Wales Gene Park, embedded within the School of Medicine at Cardiff University, provides DNA sequencing facilities for cancer and rare genetic disease researchers.
“Cancer research colleagues may be interested, for example, in sequencing the DNA of a tumour and comparing it with the individual’s blood DNA to identify aberrant mutations, or rare genetic disease researchers might be interested in particular mutations within particular genes,” says Data Strategy and IT Infrastructure Lead Kevin Ashelford.
“We also look at the expression of those genes. We each have a whole portfolio of genes that are switched on and off to be expressed at different levels within each of our cells. By profiling that expression, we can assist colleagues in exploring different diseases,” he says.
This research raises challenges due to the amounts of data involved. When an individual’s DNA is sequenced it produces vast files full of ‘sequence reads’, or DNA fragments, which need to be interpreted by comparing them to the reference genome – the human genome which was mapped in 2003.
“That requires sufficient computer processing power and memory to take all of those reads and map them, to produce a resulting alignment that we can then examine further. Once we have done that, we need to interpret the genome that we have put together, and then we need to visualise it. So there are various stages where the compute power and storage capability of Supercomputing Wales are required,” Ashelford says.
“At Wales Gene Park we do have staff who are familiar with this technology and so we worked with Supercomputing Wales to develop our own separate partition on the system, dedicated to our requirements. It’s a collaboration, really. They provide the essential IT engineering system administration skillsets and we bring the data science skills needed to run the software,” says Ashelford.
Supercomputing Wales RSE Research Software Engineer Anna Price has also worked with Wales Gene Park on a natural language processing algorithm that has simplified the task of curating information from research papers.
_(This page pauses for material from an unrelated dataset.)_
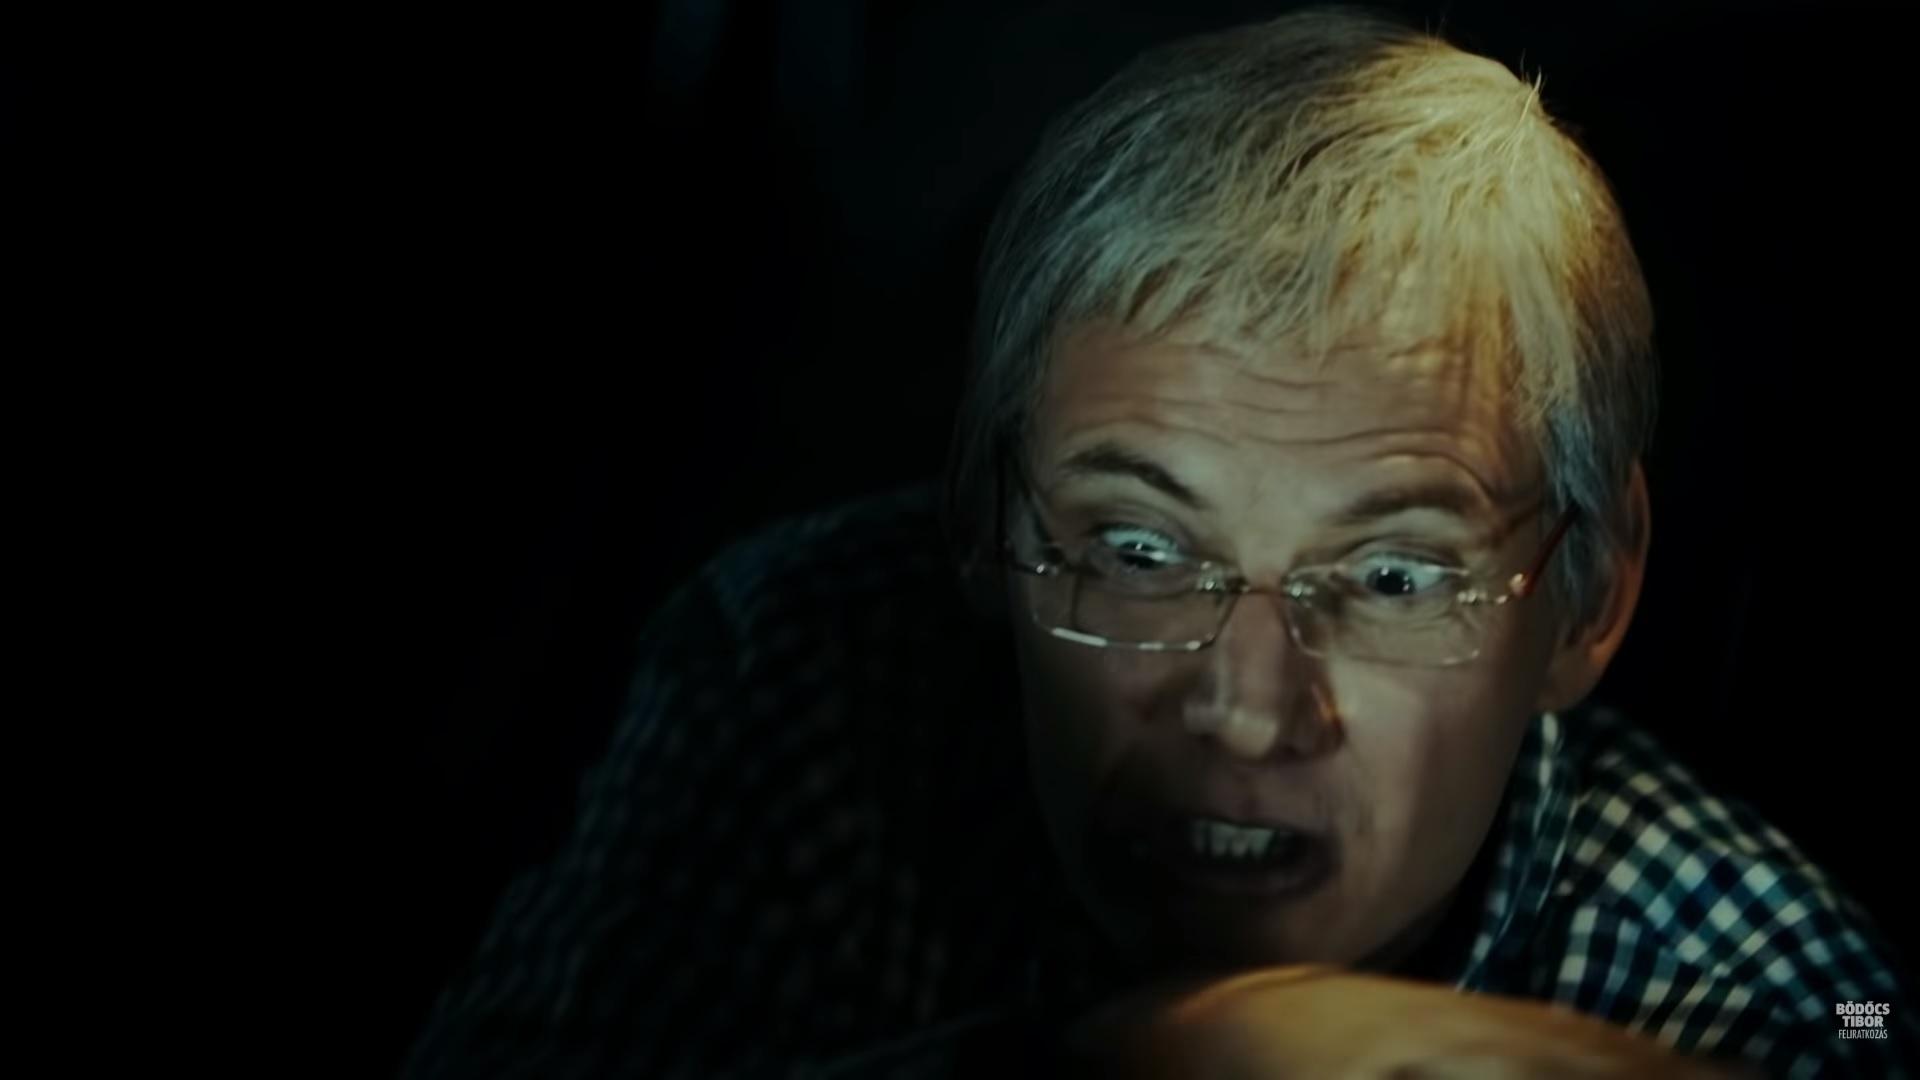 Bödőcs Tibor őrült, öreg Gyurcsányként beszél egy taxiban az elmebeteg, sátáni Orbánról

“A lot of research papers are being generated with details of medically important mutations, and the Human Gene Mutation Database, based here in Cardiff, gathers that information together for clinicians and researchers, providing the largest resource for finding disease-causing mutations in the world. They’ve always done it manually, but there’s a huge amount of papers to go through. So Anna took some natural language processing algorithms and applied them to the problem. Her program identifies those papers that are likely to be of interest, and flags them – so it’s not eliminating the need for a curator, but certainly begins to automate the process.”